You can also reverse the order of the the Success and catches:
try <a>... catch foo <x>... catch bar <y>... catch another <z>... success <b>... <c>... <d>... <e>... end try
New common enumeration method: FromString
Sirius Mods Version 7.8 adds the FromString shared function as a method common to all system and user-defined enumerations. FromString converts a string argument into a value of the specified enumeration type. This is the opposite of an enumeration ToString method, which converts an enumeration value to its String representation.
As an example, consider the following user-defined enumeration:
enumeration Animal public value cat value dog value gecko value parrot end public end enumeration
You can populate an Animal
enumeration variable with one of the Animal
enumeration values by making a call to FromString:
%pet is enumeration animal %pet = fromString('gecko')
The result of a Print of %pet
above is gecko
. In the method call, fromString
does not have to be preceded by %(Animal):
to identify the type of enumeration, because the FromString method is automatically available for any User Language enumeration, system or user-defined.

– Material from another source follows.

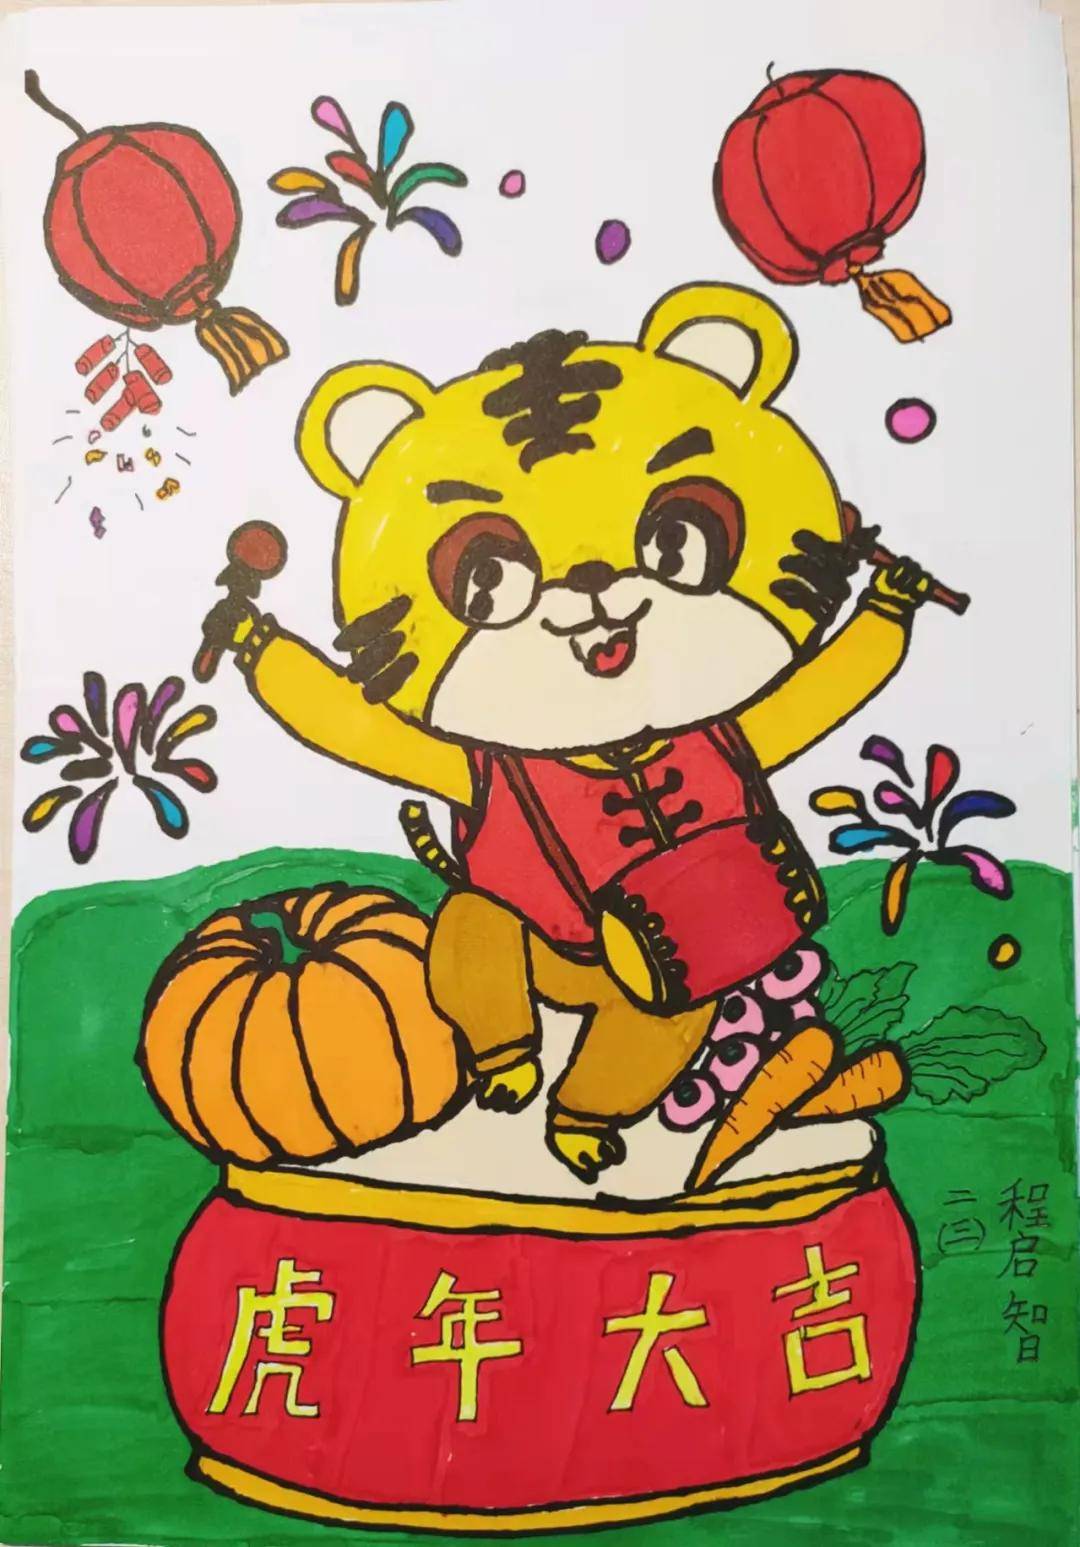 2022年是中国传统生肖虎年,为喜迎新春佳节,开德小学的小福虎们用手中

Only strings that match a value of the particular enumeration type can be converted. If a string cannot be converted to an enumeration value, FromString throws an InvalidValue exception:
%pet = fromString('alien') *** 1 CANCELLING REQUEST: MSIR.0750: Class Animal, function FromString: InvalidValue exception: ALIEN is not a valid enumeration value in line 84, procedure ENUM, file MYPROC
Enumeration comparisons
The SelectionCriterion Eq and Ne methods now allow equality and inequality tests for enumerations so that you can do something like:
%suspects = %villagers:subsetNew(or(eq(evil, true), ne(nationality, usa)))
where Nationality
is an enumeration. Enumeration comparisons are not allowed in any other SelectionCriterion methods.

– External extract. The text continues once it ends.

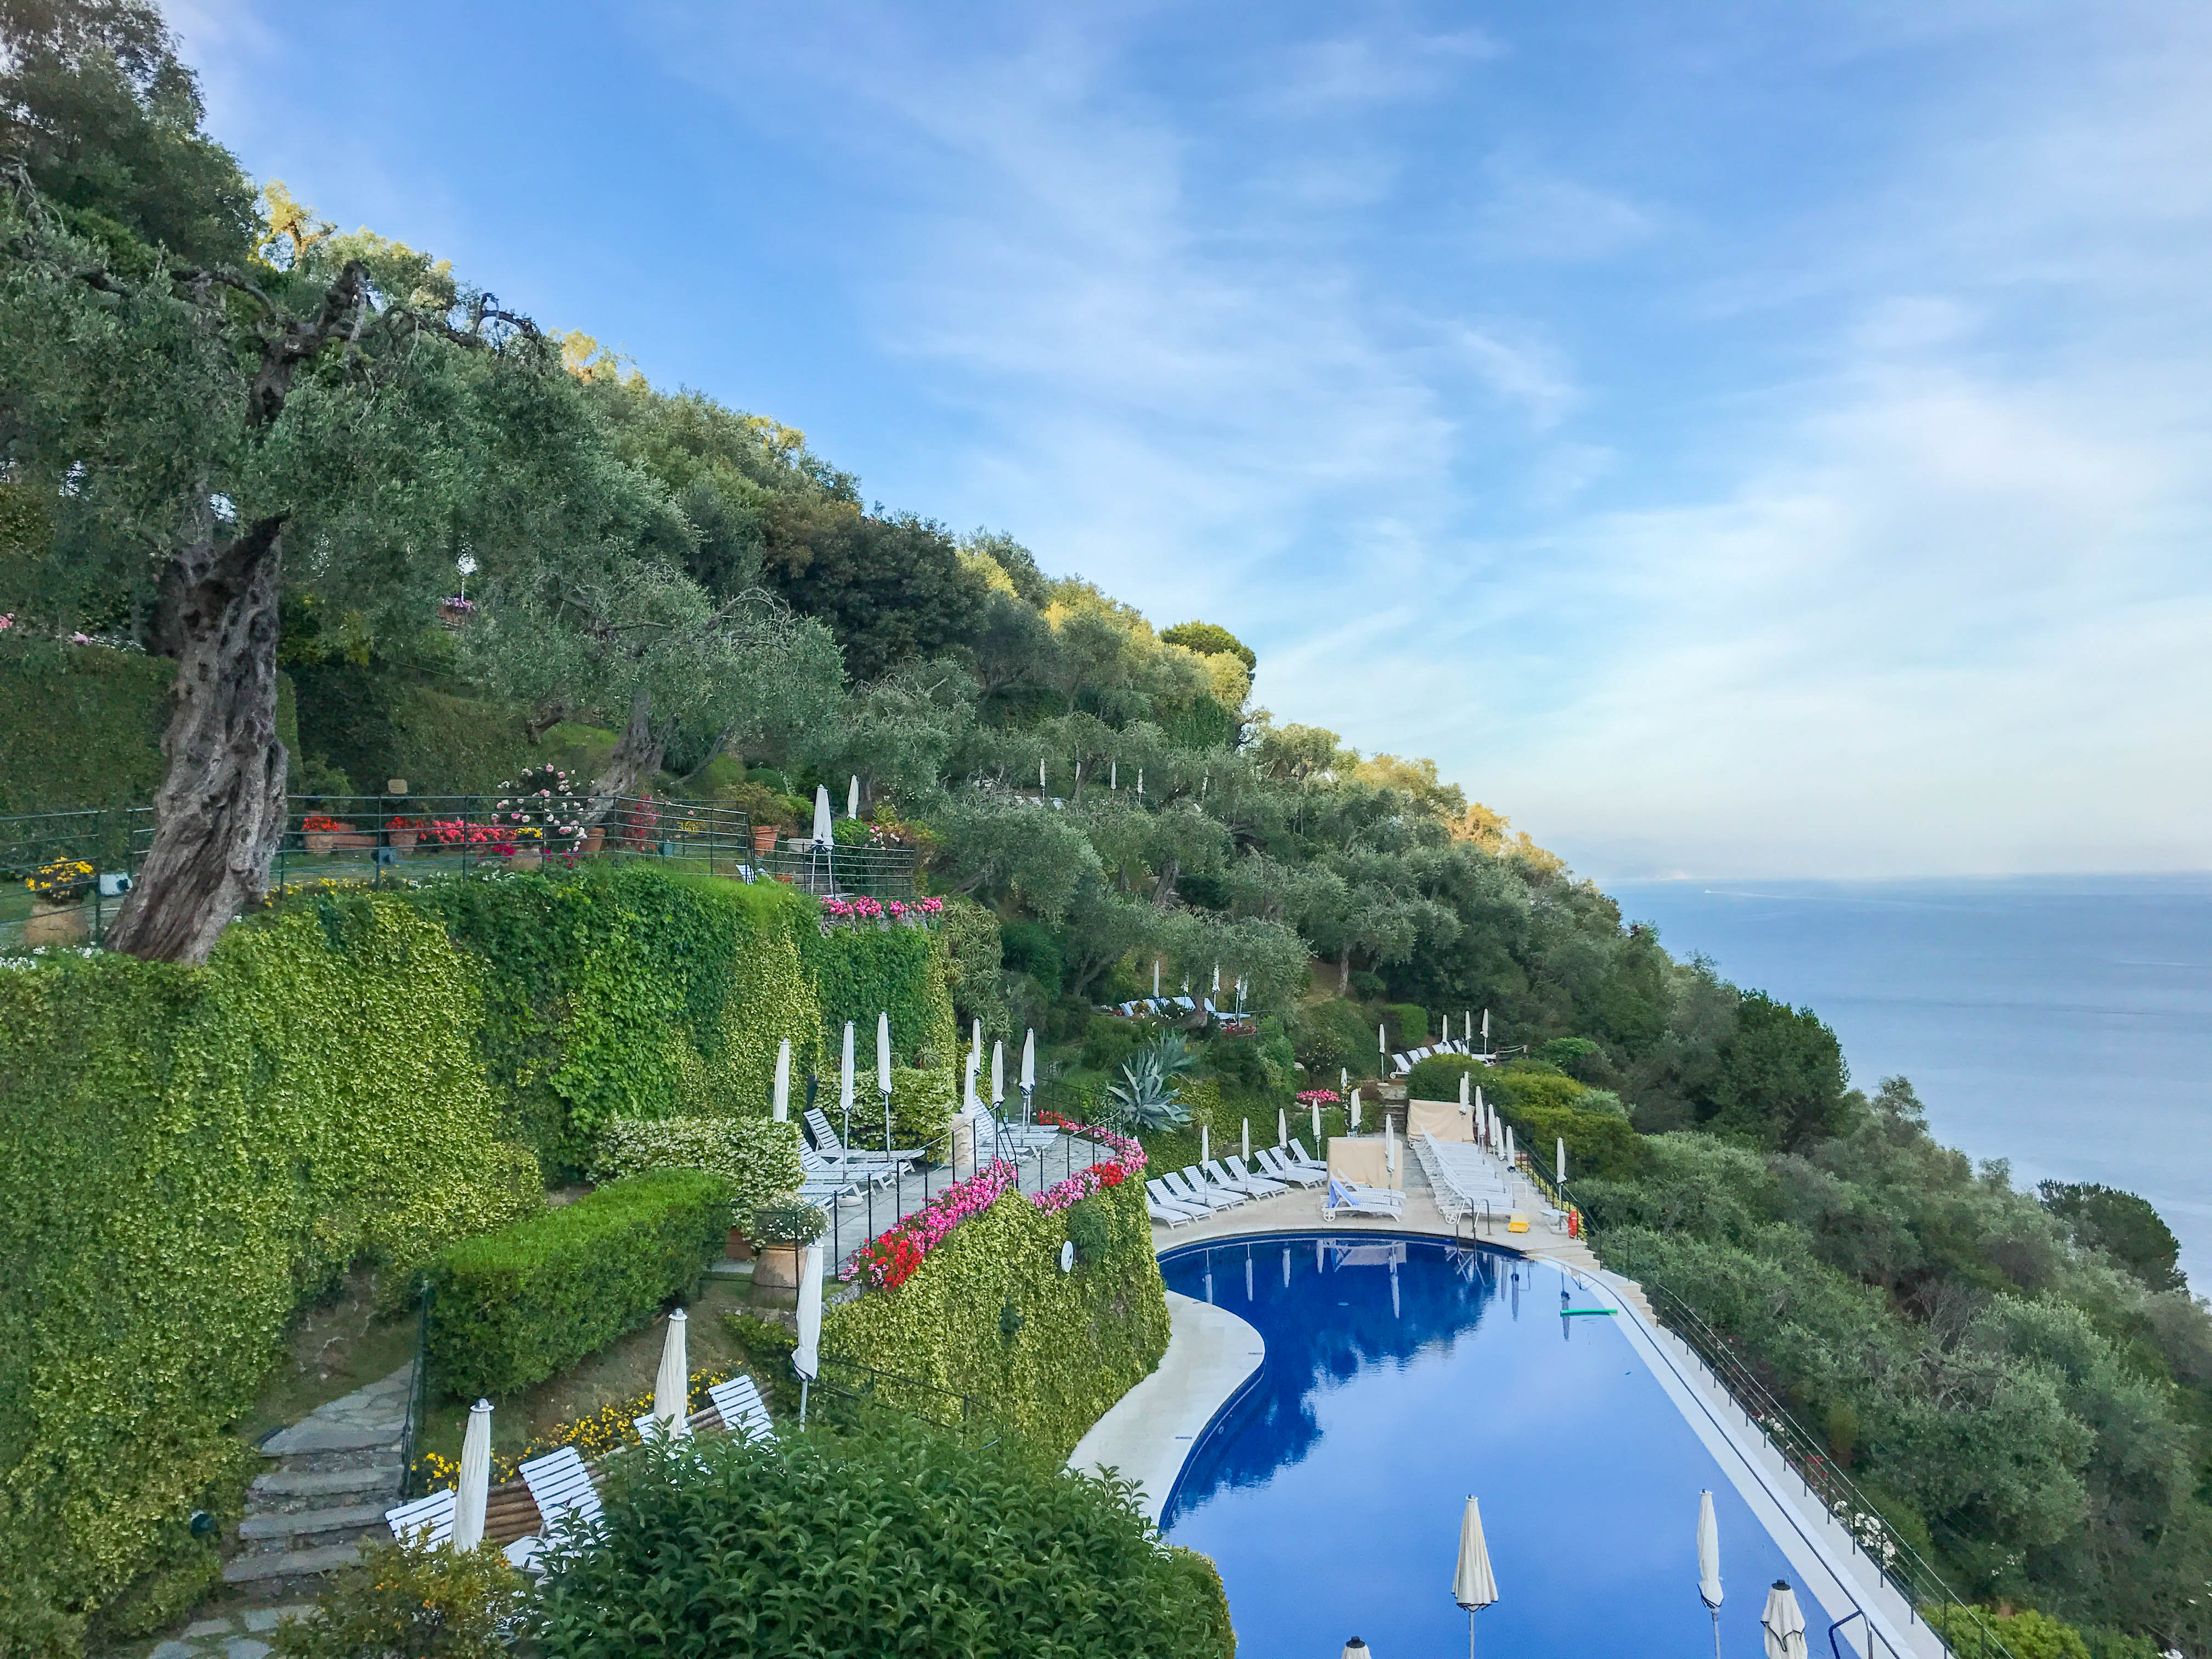 Belmond Hotel Splendido, Portofino

Enumeration attributes and attribute inverses
User Language enumeration support now includes enumeration attributes. These are constant data (types String, Float, and Enumeration are supported) that can be attached to enumeration values. Here's an example:
enumeration coffee public attribute oz is float attribute price is float value tall (oz=12, price=2.99) value grande (oz=16, price=3.99) value venti (price=4.99, oz=20) end public end enumeration %order is enumeration coffee %order = venti printtext {~} = {%order:price}
The result is:
%order:price = 4.99
New generic inverse attribute methods return an enumeration value based on the value of one of
its attributes. You do this by declaring an "inverse" method after an attribute declaration. The fromOz
method below is an example:
enumeration coffee public attribute oz is float inverse fromOz value tall (12) value grande (16) value venti (20) end public end enumeration %order is enumeration coffee %order = fromOz(16) Print %order
The result is:
grande
Anonymous functions
Anonymous functions are methods whose definition you specify but do not bind to a specific name. Typically, you define such a method in the context in which it is actually used.